Users must provide FASTA sequences in this format to gene_databank:

>chr'X'| ref / alt / flank1 / flank2 | gene_name

Remember that flanking context sequences (ideally 500bp) must be provided
If flanking sequences are under 500, nothing's going to break, but the lack of context will most likely bottleneck the model's prediction power.
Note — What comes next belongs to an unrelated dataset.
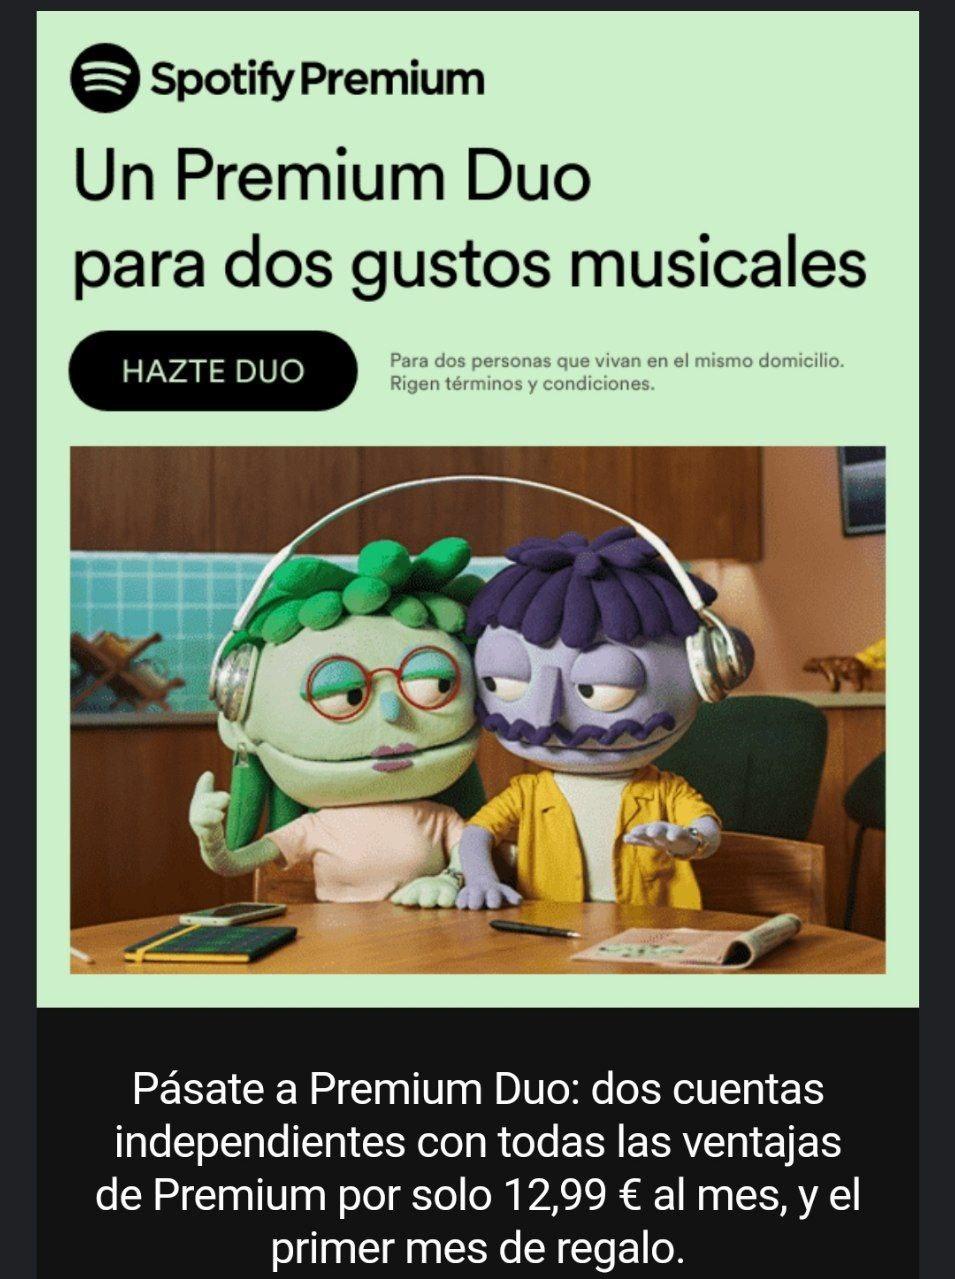 Spotify Premium Duo a 12,99€ entre 2 personas

BenchmarkGene1 is the first pathogenic gene variant in our dataset: ID NC_000007.14
I have trimmed it down for this README.md, the full sequence is in the file

>chr9|ref|BenchmarkGene1
GCTGCTGGACCTGCC

>chr9|alt|BenchmarkGene1
G

>chr9|flank1|BenchmarkGene1
ACACCTGTAATCCCAGCACCTCGGGAGGCCAAGGCAGGAGGATCTTGAGGCCAGGAGTTCAAGACCAGCC

>chr9|flank2|BenchmarkGene1
CTGCTTGACGGCGGTGCTGGACCTGCAGCTCAGGTGGGCCCCTCACCCTCTGCCAGCGCTGCGTCT

LookingGlass output from the test gene file

Name,Predicted_Class,Prob_Benign,Prob_Pathogenic
benchmarkgene1,1,0.024691403,0.9753086
benchmarkgene2,1,0.027637959,0.97236204

ReGen example Input and Results

Users need to insert a FASTA file of the same custom format in the ReGen_input folder

IMPORTANT NOTE
Due to substantial feature engineering improvements between versions, ReGen optimization runs changed significantly. Example below does not include benign-threshold variants as those were unable to be found with ReGen's current iteration, unlike previous versions.

Results changed due to massive improvements and changes. Addition of regulatory disruption detections, domain boundary shifts and repeat instability patterns that were not detected in previous models are now present. This means that "easy" sequence changes that were thought to be benign are now correctly identified as potentially disruptive. The optimization algorithm must now navigate a more biologically realistic but more challenging mutation landscape to effectively reduce pathogenicity. Although functional, ReGen is still a work in progress and is more of a proof-of-concept more than a proper gene-repair algorithm.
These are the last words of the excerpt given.